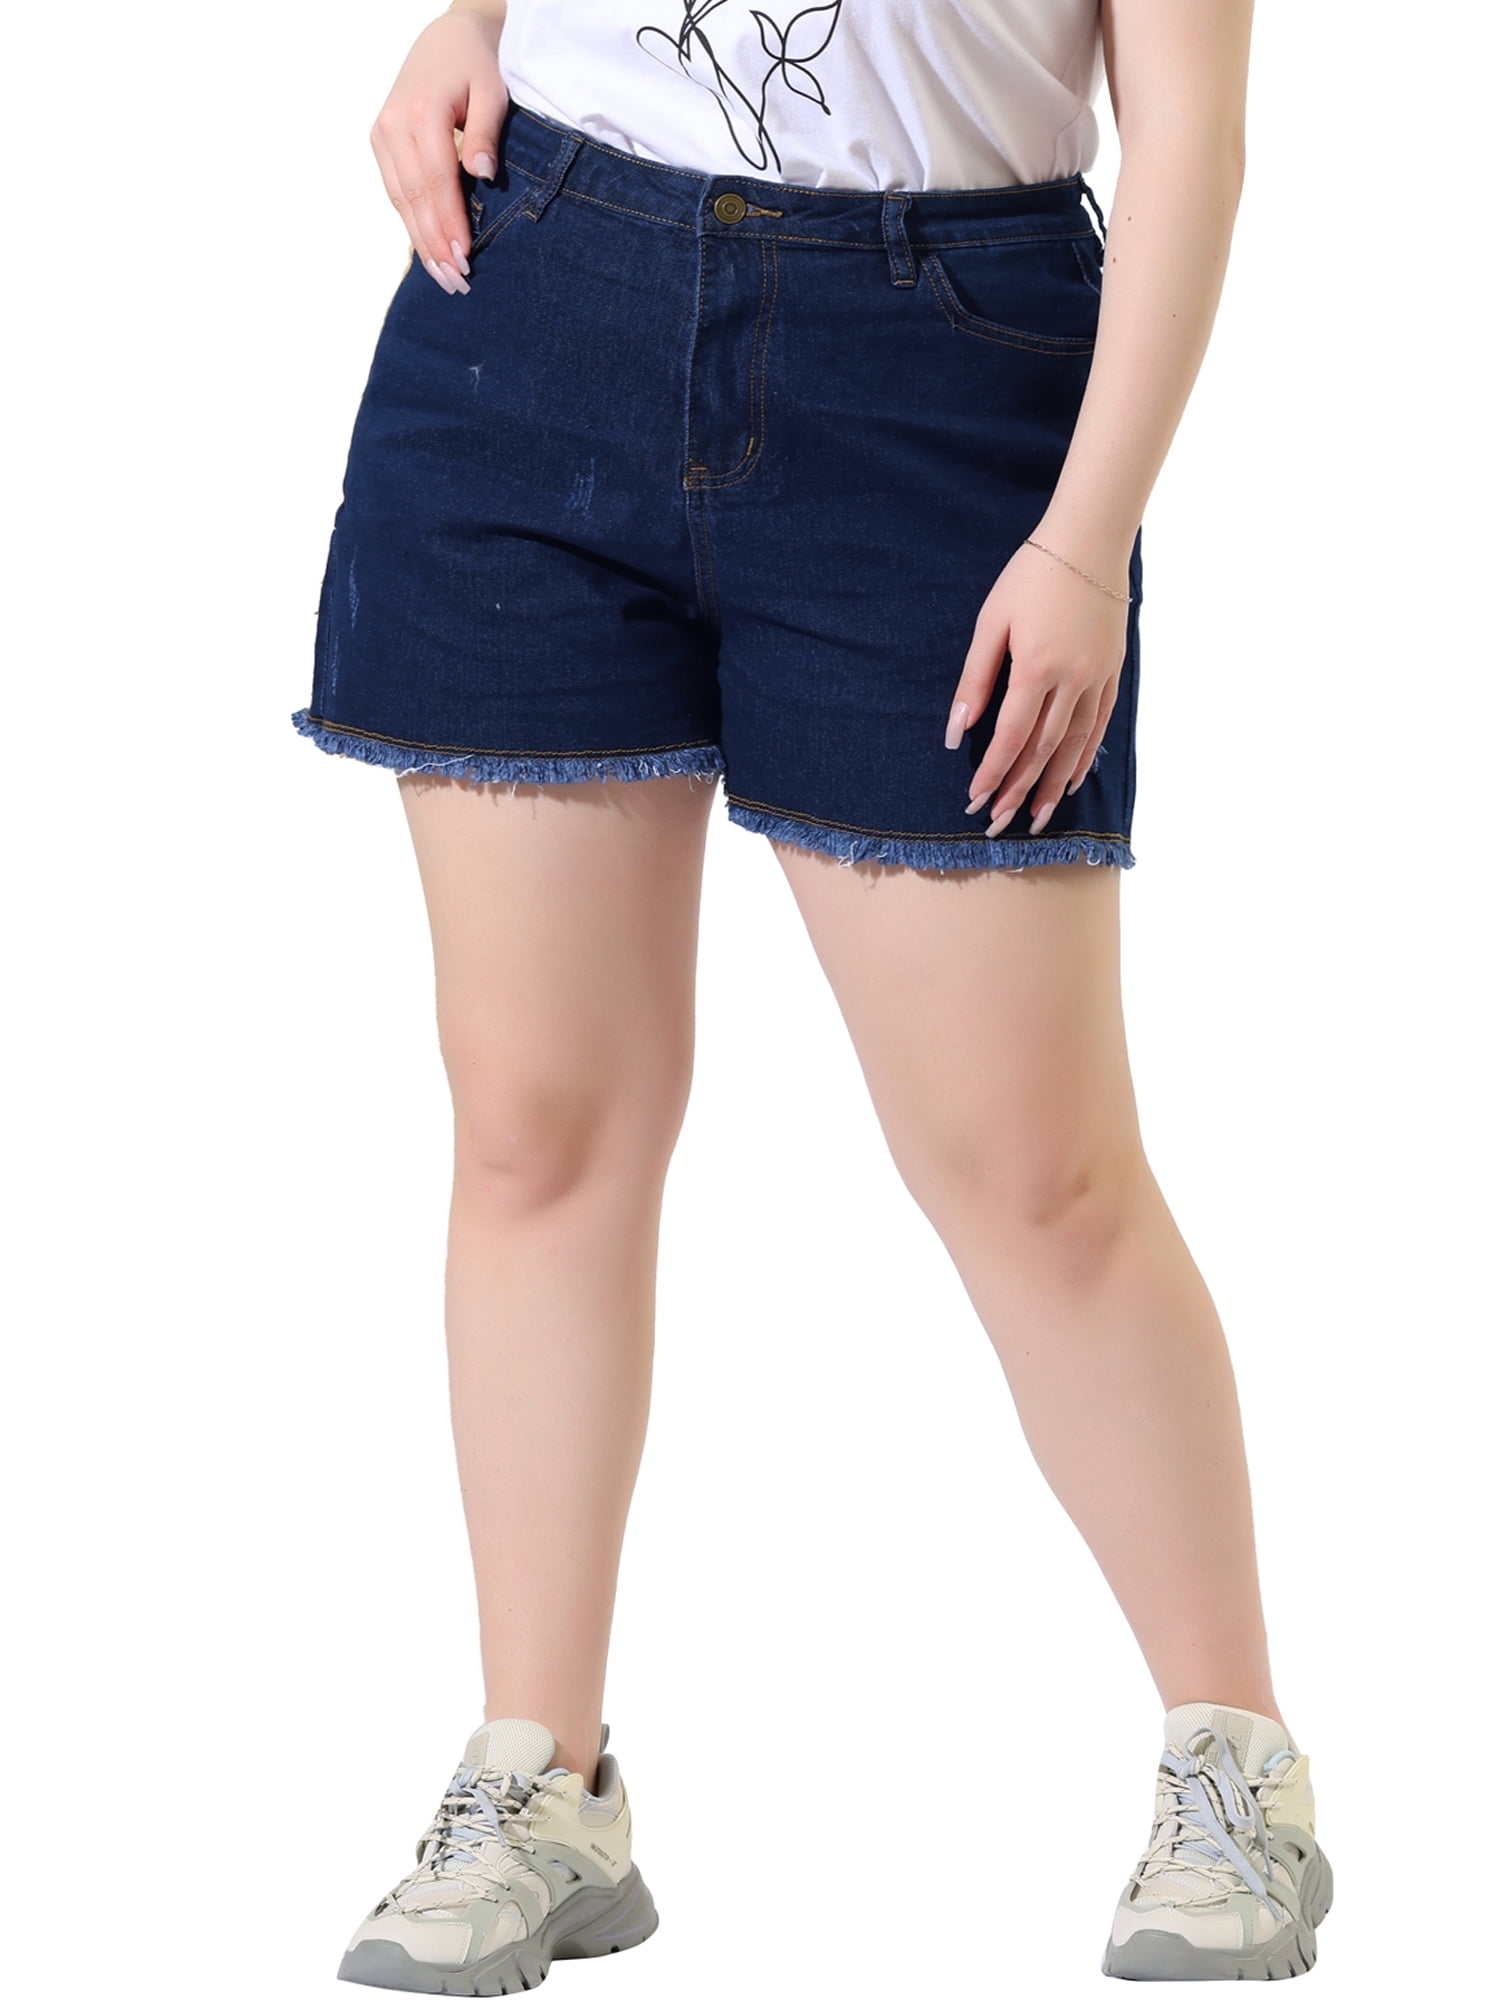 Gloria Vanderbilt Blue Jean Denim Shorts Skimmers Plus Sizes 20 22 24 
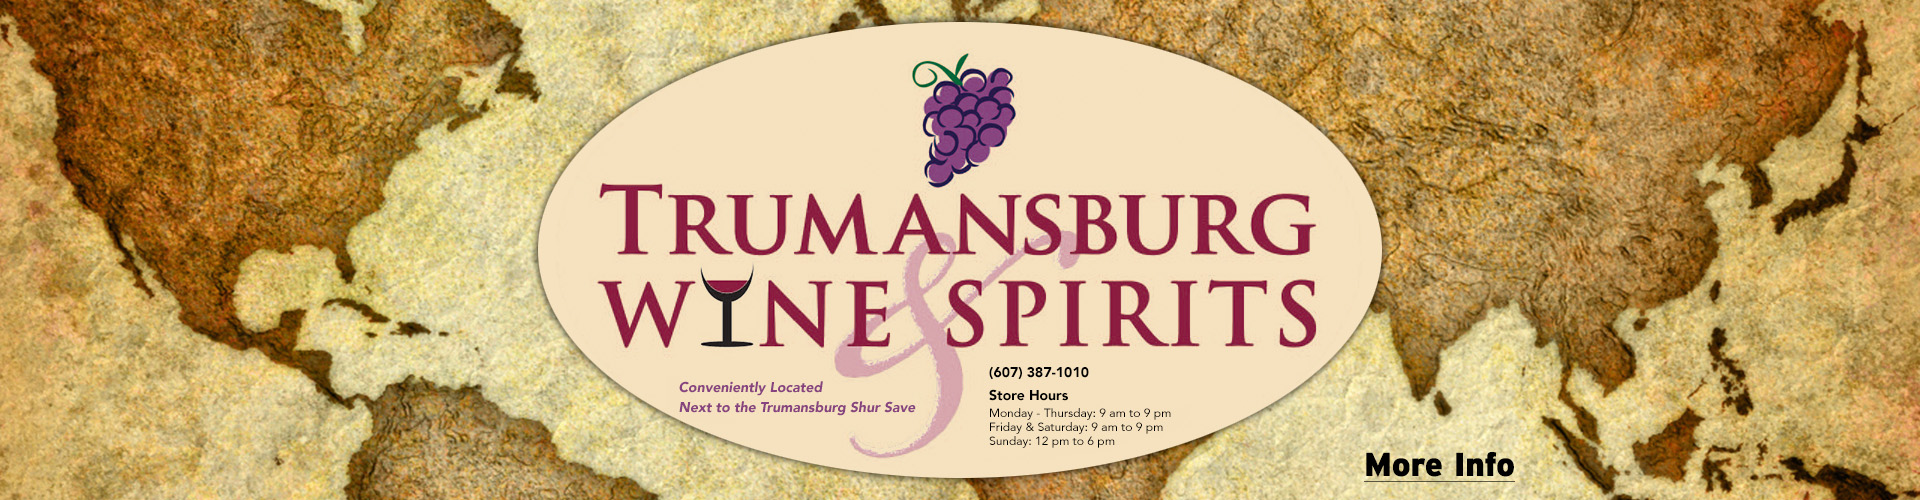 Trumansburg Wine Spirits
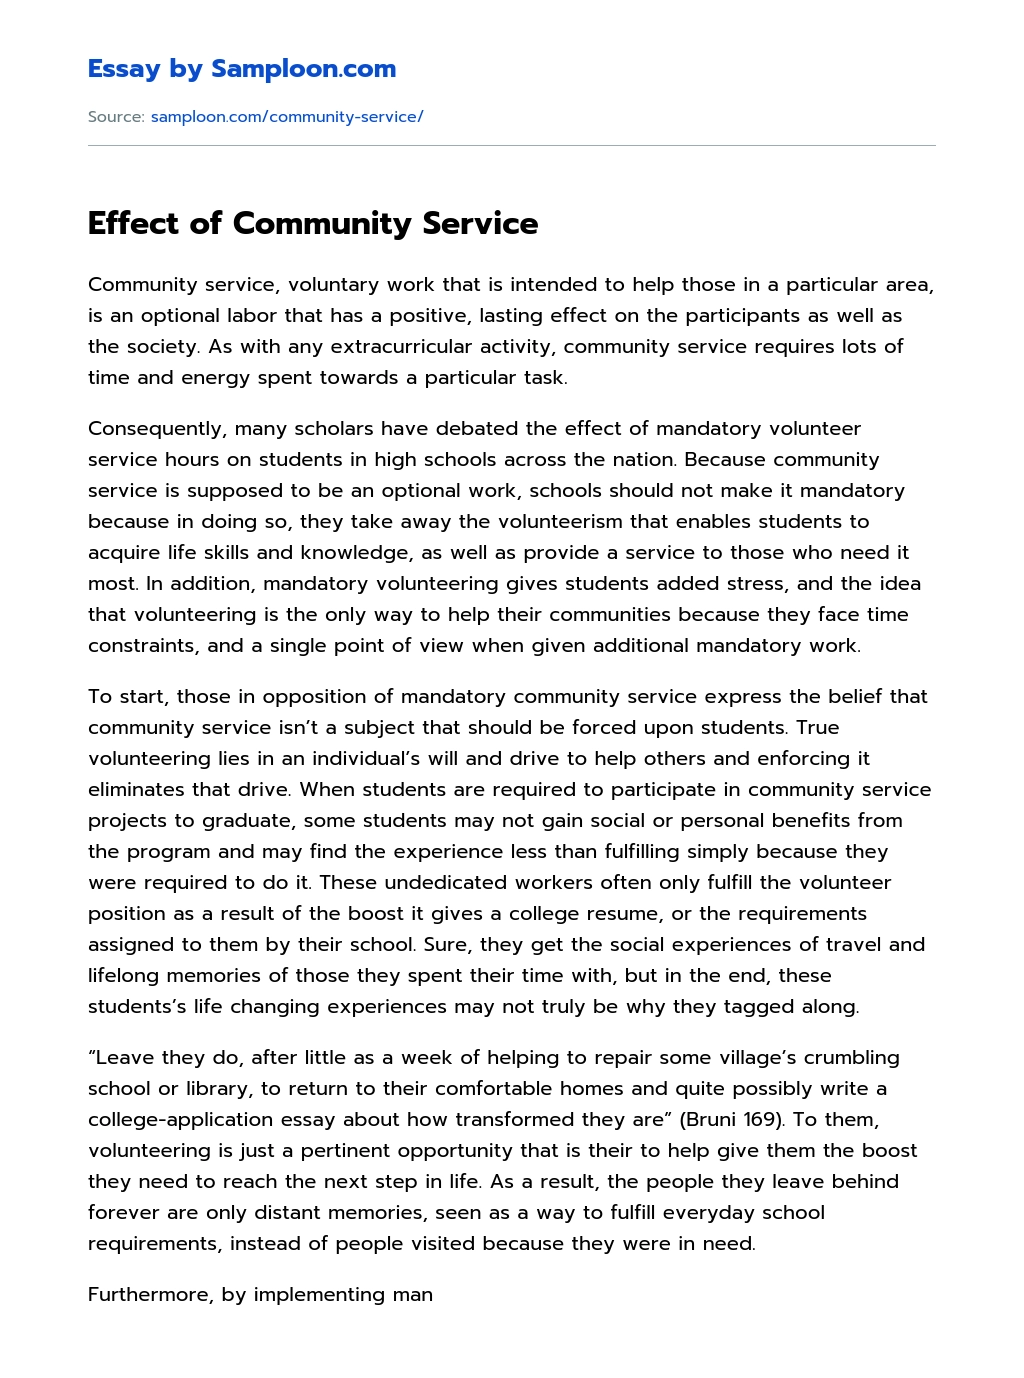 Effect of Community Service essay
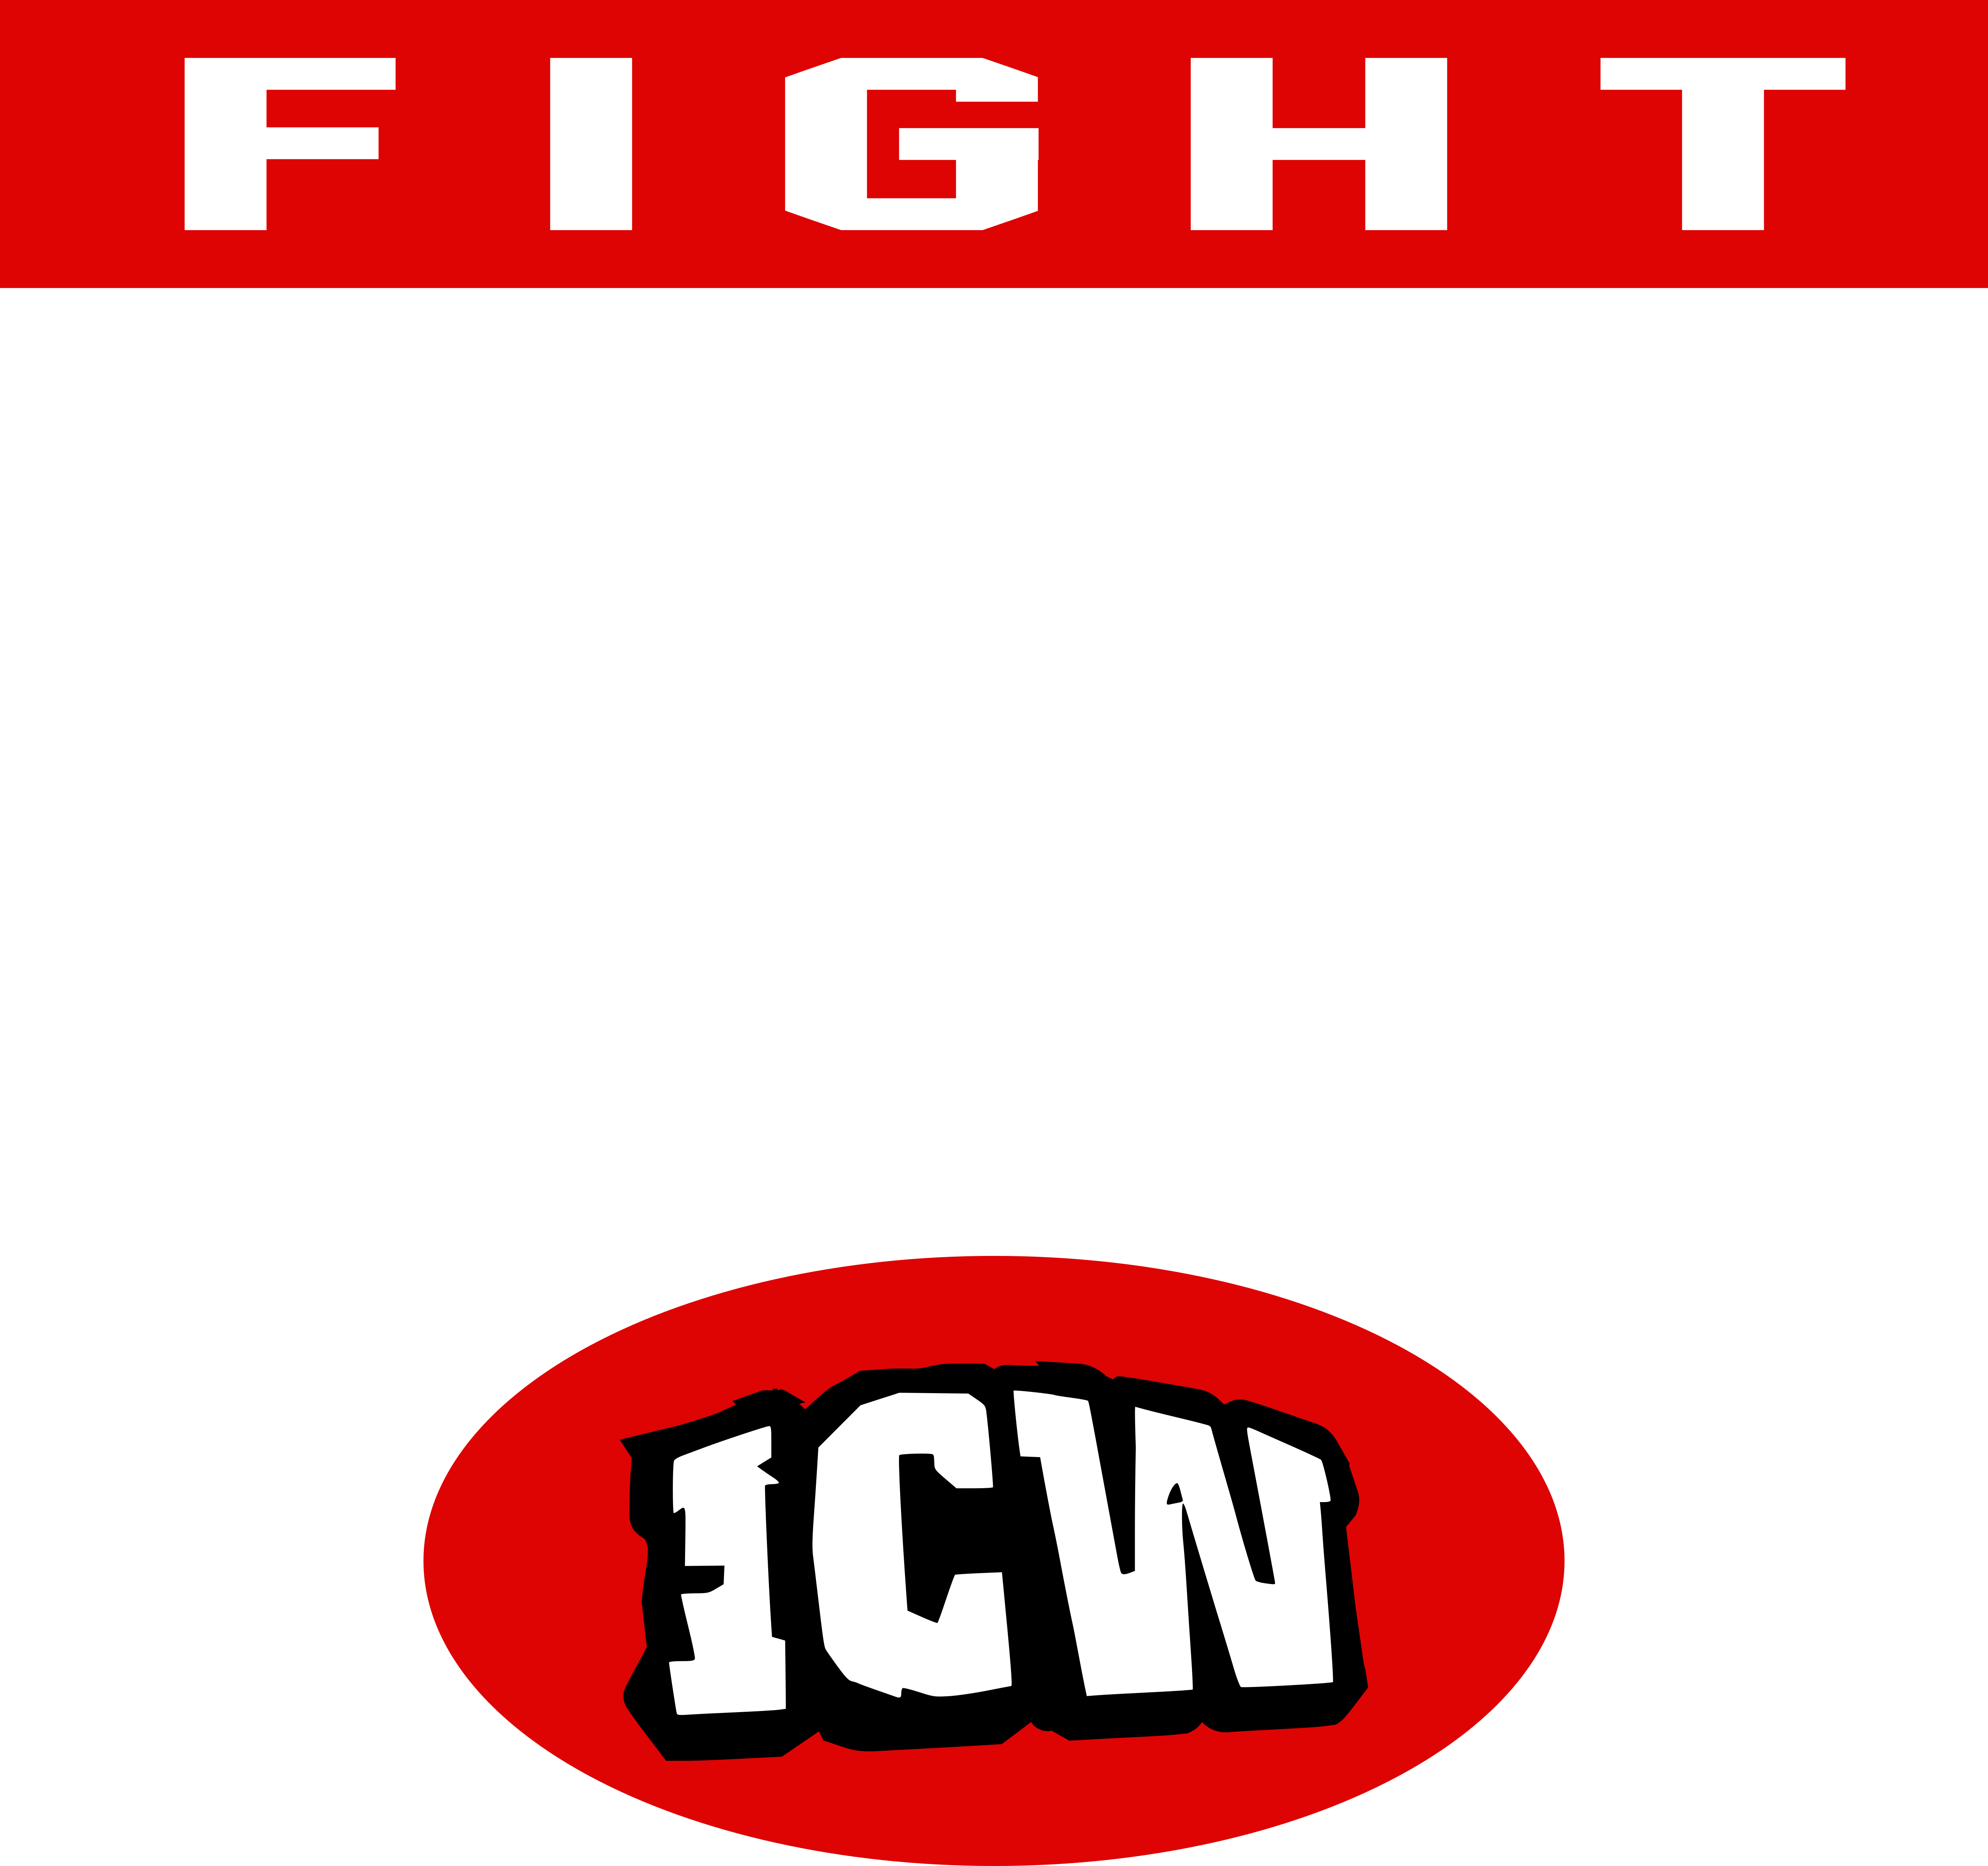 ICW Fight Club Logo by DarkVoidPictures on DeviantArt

= = = = = = =

TO DO:
No picture should be included when the data are set down again exactly.

FINISHED EXERCISE:
 Gloria Vanderbilt Blue Jean Denim Shorts Skimmers Plus Sizes 20 22 24 
 Trumansburg Wine Spirits
 Effect of Community Service essay
 ICW Fight Club Logo by DarkVoidPictures on DeviantArt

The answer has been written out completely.